Two new members added to Turkey’s muscari family

Two new members added to Turkey’s muscari family

İdris Emen-ISTANBUL

The total number of muscari plant species in Turkey has increased to 45 with the two new ones added to the scientific literature.

“Turkey is a very rich country in terms of plant diversity. It is even richer than the Middle Eastern and European countries. This fact also applies to the muscari species,” associate professor İsmail Eker from the botany department of the Bolu Abant İzzet Baysal University said.

“With the two new species, the number of the muscari species present in Turkey has increased to 45, and 30 of these species are indigenous to Anatolia,” he told daily Hürriyet.

Eker has named the muscari species that he had first encountered in the mountainous area around the Lake Abant in the western Black Sea province of Bolu in 2006 after his son Pamir Yiğit: Muscari Pamiryigidii Eker.

The other newly discovered muscari species, Muscari Fatmacereniae Eker, was named after his wife Fatma and nephew Ceren. İsmail Eker first found this species in the countryside of the Tufanbeyli district in the southern Adana province last year.
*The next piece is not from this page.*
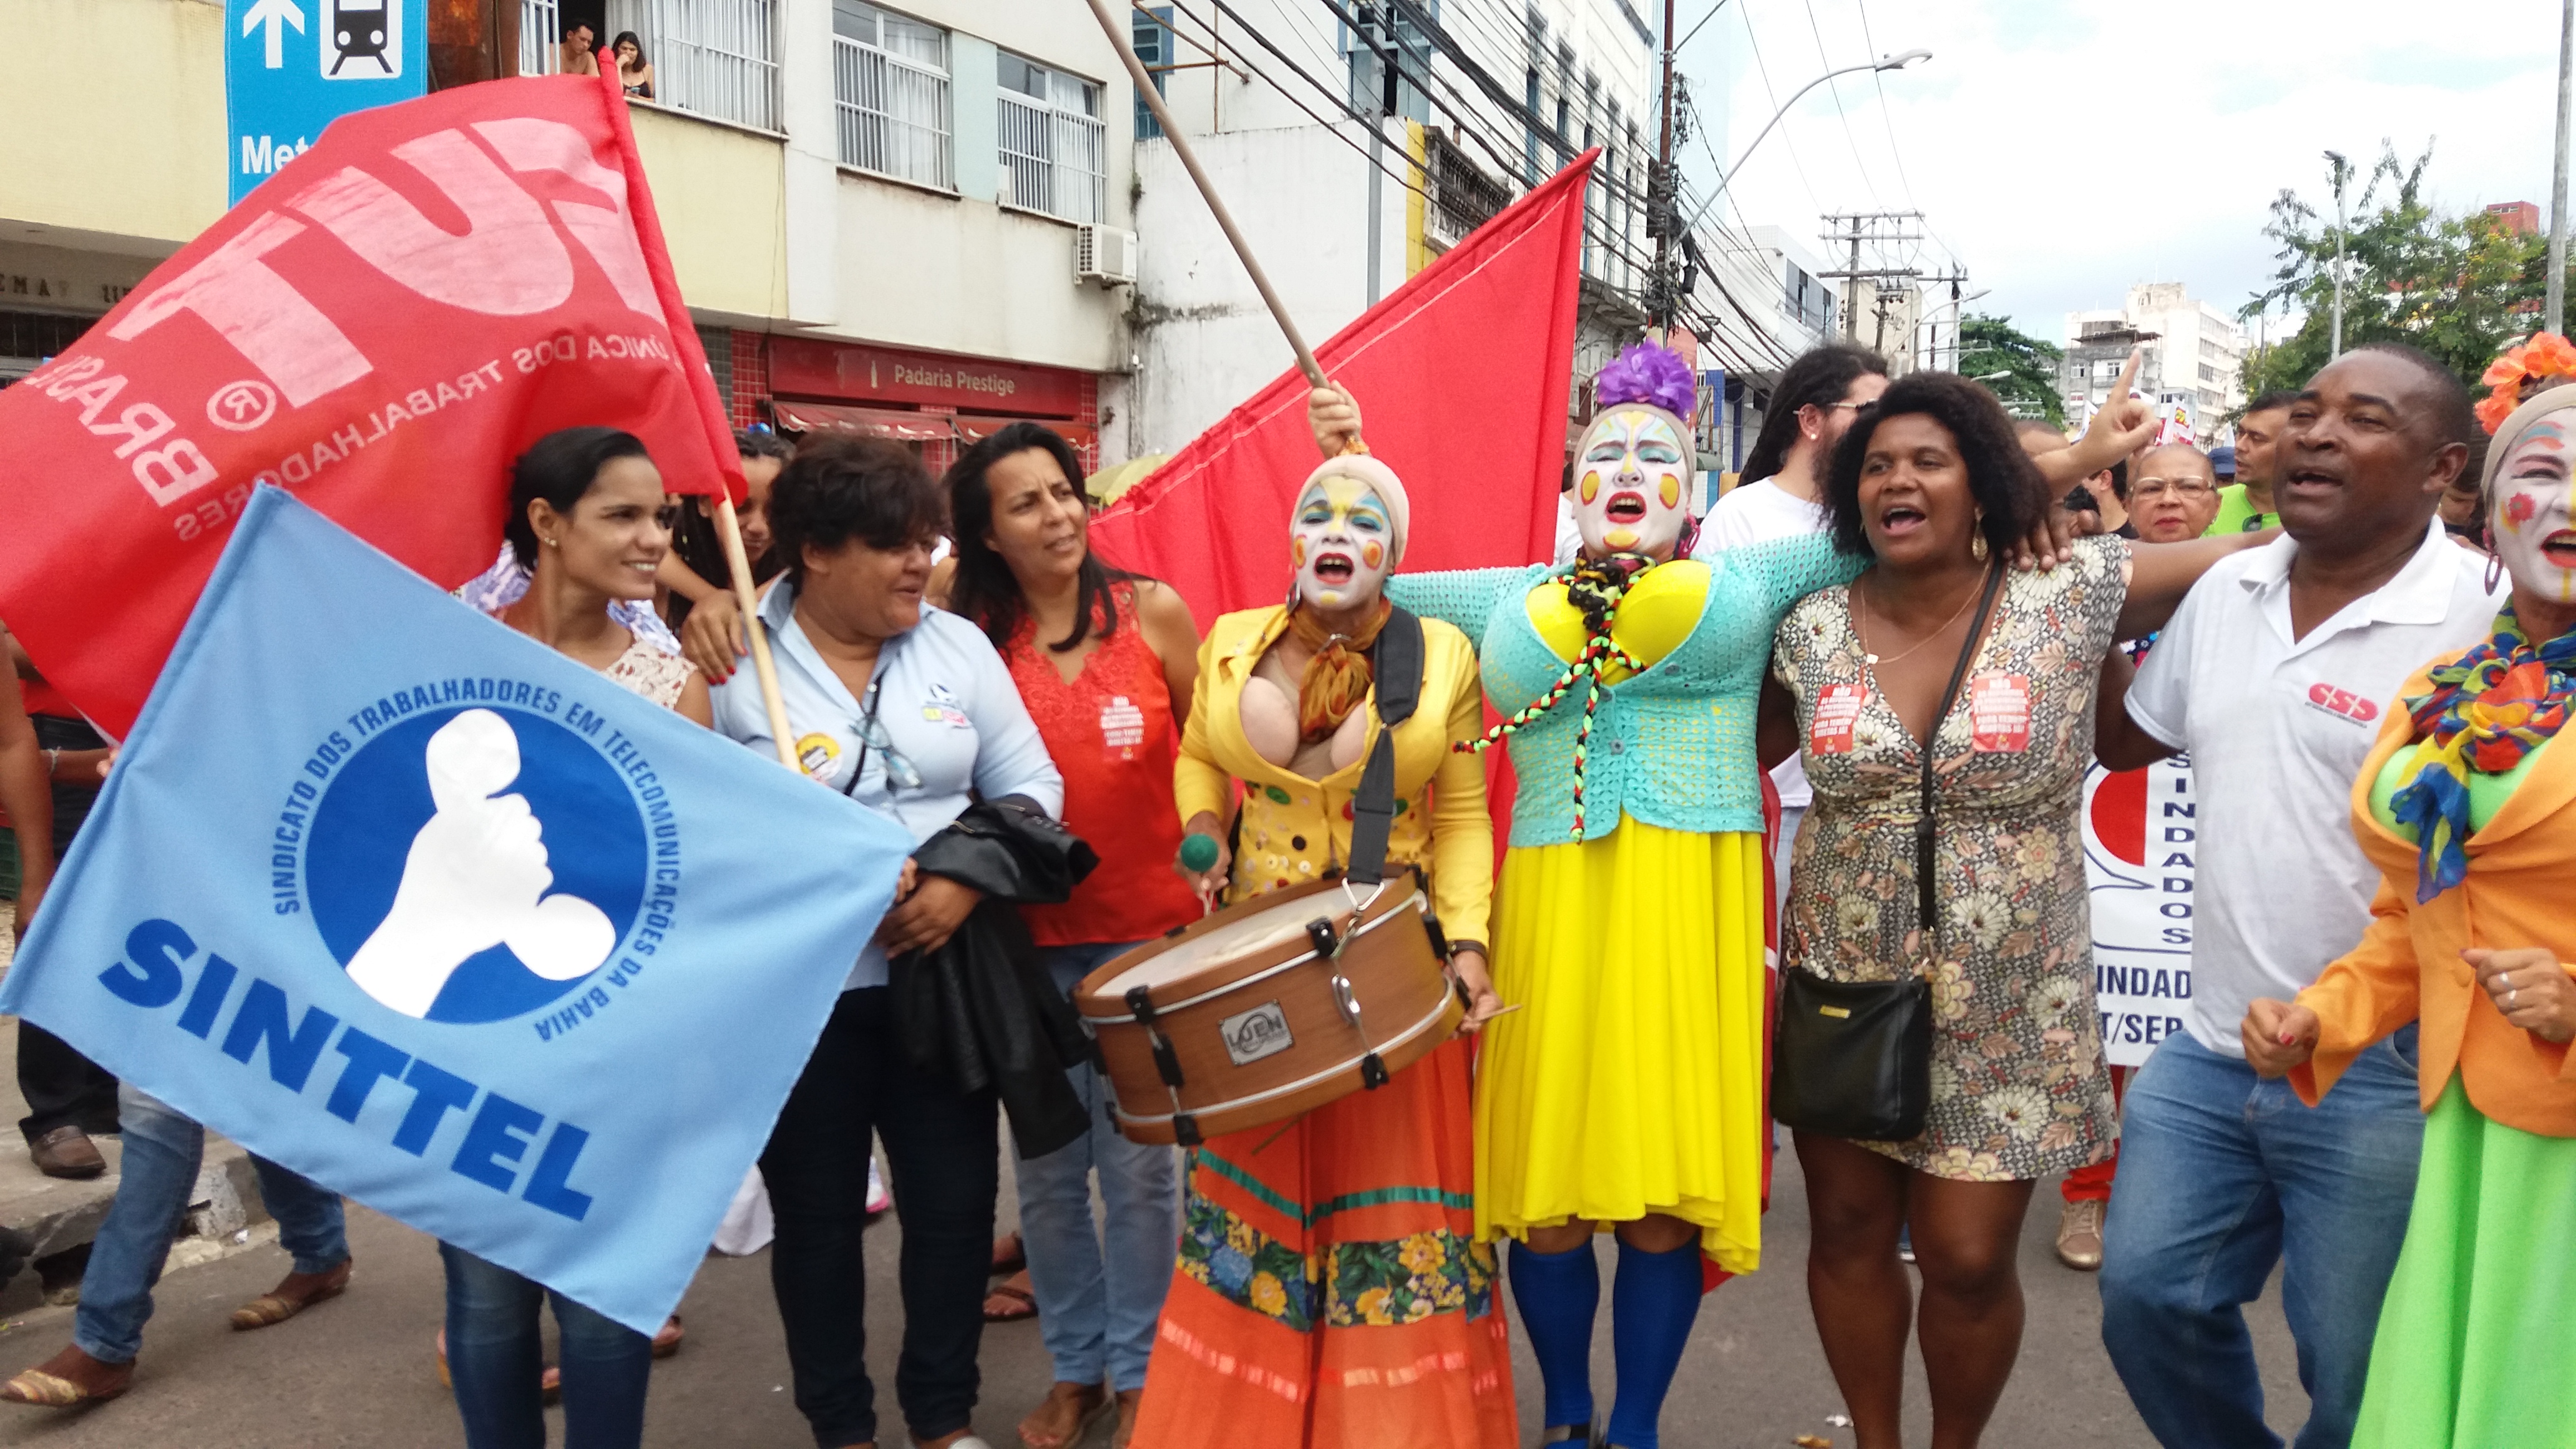 Sinttel vai às ruas contra Terceirização, Reforma da Previdência e Trabalhista

Following the examinations on the collected muscari samples in the laboratory, Eker wrote articles in the peer-reviewed international science journal Phytotaxa to inform the science world of the new members of the muscari family.
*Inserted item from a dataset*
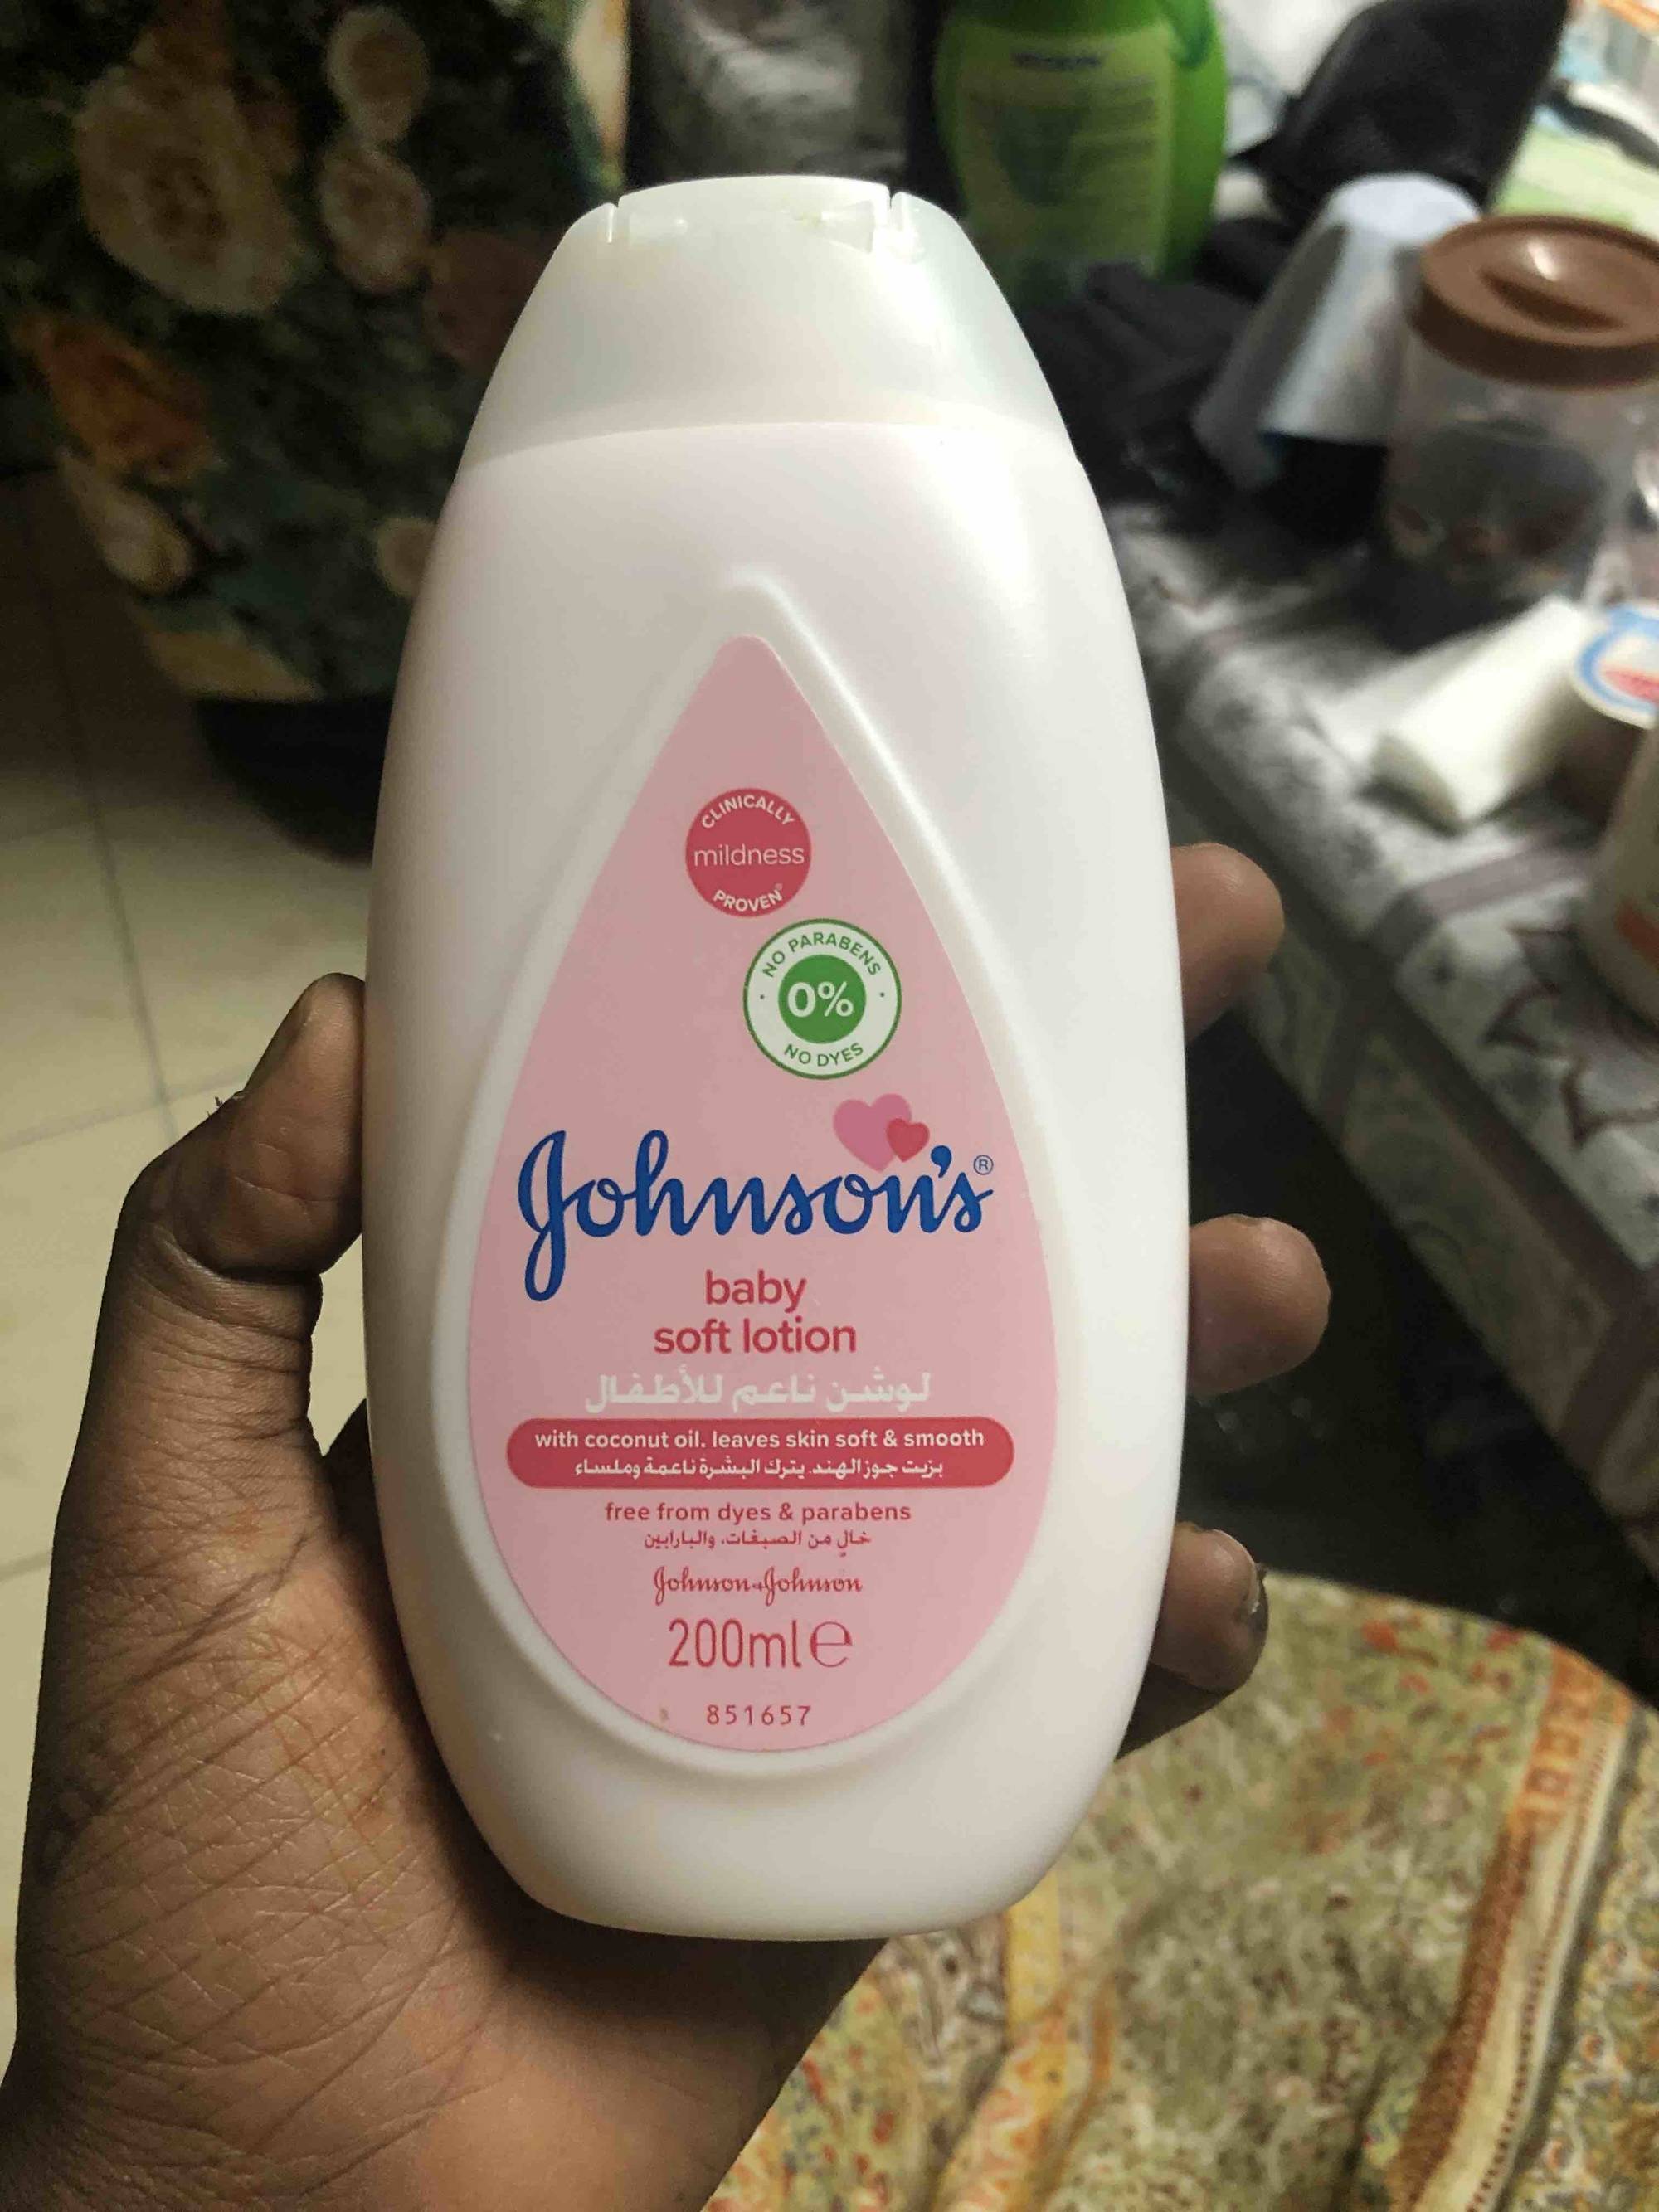 De nouveaux produits proposés par la marque Johnson's

“Actually, rather than discovering new species, our main job as the plant researchers is to establish the boundaries of species by presenting the inventory of plant species in a specific geography, or the similarities and differences between species in the same plant group,” said Eker, who has been working on muscari species for 15 years.

“During our studies, we act keeping in mind that sometimes we can coincidentally find new species. The discovery of a new species can happen instantly on a field research or it can take long years,” he added.

Turkey is home to 10,000 plant species and about one-third of them are endemic plant species. Nearly 10 percent of the indigenous plants are in critical danger of extinction.